Эти мысли так плотно наседают на меня, что я не замечаю, как оказываюсь как раз напротив Ратуши, буквально через дорогу, которую, по-видимому, мне переходить не надо, потому что сейчас мне необходимо свернуть на север и преодолеть последние два квартала. Солнце уже находится достаточно высоко, продолжая сдувать снег с улиц и наводя еще больше грязи. Оно слепит, когда я задираю голову кверху и подставляю ему лицо, думая, что столь теплые лучи непривычны для этого времени года, скорее они должны быть холодными и далекими, по-настоящему зимними, но будто назло, все в этом мире встало с ног на голову.
Возвращаюсь на землю и прибавляю шаг, то и дело переходя на бег и боясь не уложиться в отведенное время. Где-то на периферии сознания слышится предательский голосок, что я не должна этого делать, что Хозяин может вернуться в любое время, и Хелен, со своей верой в меня, будет наказана, но я тут же нахожу оправдание себе — ведь возможность увидеть знакомое лицо так ничтожно мала, что я обязана воспользоваться ею, чего бы мне это не стоило.

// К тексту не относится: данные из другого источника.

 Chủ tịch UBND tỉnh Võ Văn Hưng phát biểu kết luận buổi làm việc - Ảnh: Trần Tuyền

Путь до Арены, огромного кругло-вытянутого здания, высотой примерно в пять этажей, я преодолеваю с видимым воодушевлением, и встаю как вкопанная, очарованная грандиозностью сооружения. Чем-то она напоминает тот самый Колизей, что я видела на иллюстрациях в книгах, а может даже сделана по его чертежам, потому что слишком ярко выражено сходство, начиная от многочисленных арочных проходов на первом этаже и заканчивая большими арочными окнами на последующих. Интересно, сюда пускают рабов? Ведь в Древнем Риме, как известно, вход был разрешен только свободным гражданам и гладиаторам.
Несколько минут я тупо стою возле одного из проходов, почему-то отчаянно боясь зайти внутрь. Оттуда веет сырым воздухом, тяжелым и впитавшим в себя различные запахи, один из которых — запах страданий, конечно. На самом деле это ужасно — приходить сюда и глазеть на то, как люди убивают друг друга ради твоего адреналина. На самом деле это бесчеловечно, но имею ли я право обвинять вампиров, если наша история доказала, что мы не намного лучше их?

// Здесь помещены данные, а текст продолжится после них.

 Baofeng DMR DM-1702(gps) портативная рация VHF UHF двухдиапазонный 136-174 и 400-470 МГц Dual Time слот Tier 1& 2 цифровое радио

Опасливо прохожу под высокой аркой, не встречая на своем пути никакой преграды, и растерянно останавливаюсь, рассматривая начинку смертельной Арены. Все-таки она отличается от Колизея, потому что в центре ее расположена огромная площадка, вся обнесенная высокой решеткой, никаких барьеров — я могу спокойно подойти к ней и проследовать вдоль нее по всему диаметру. Десятки рядов с вмонтированными стульями, расположенными под откос, словно спускающимися по воронке, центром которой и является обнесенная прутьями Арена. Все намного проще и либеральнее, хотя в самом верху и присутствуют закрытые трибуны, по-видимому для особо важных персон, таких, например, как мой Хозяин.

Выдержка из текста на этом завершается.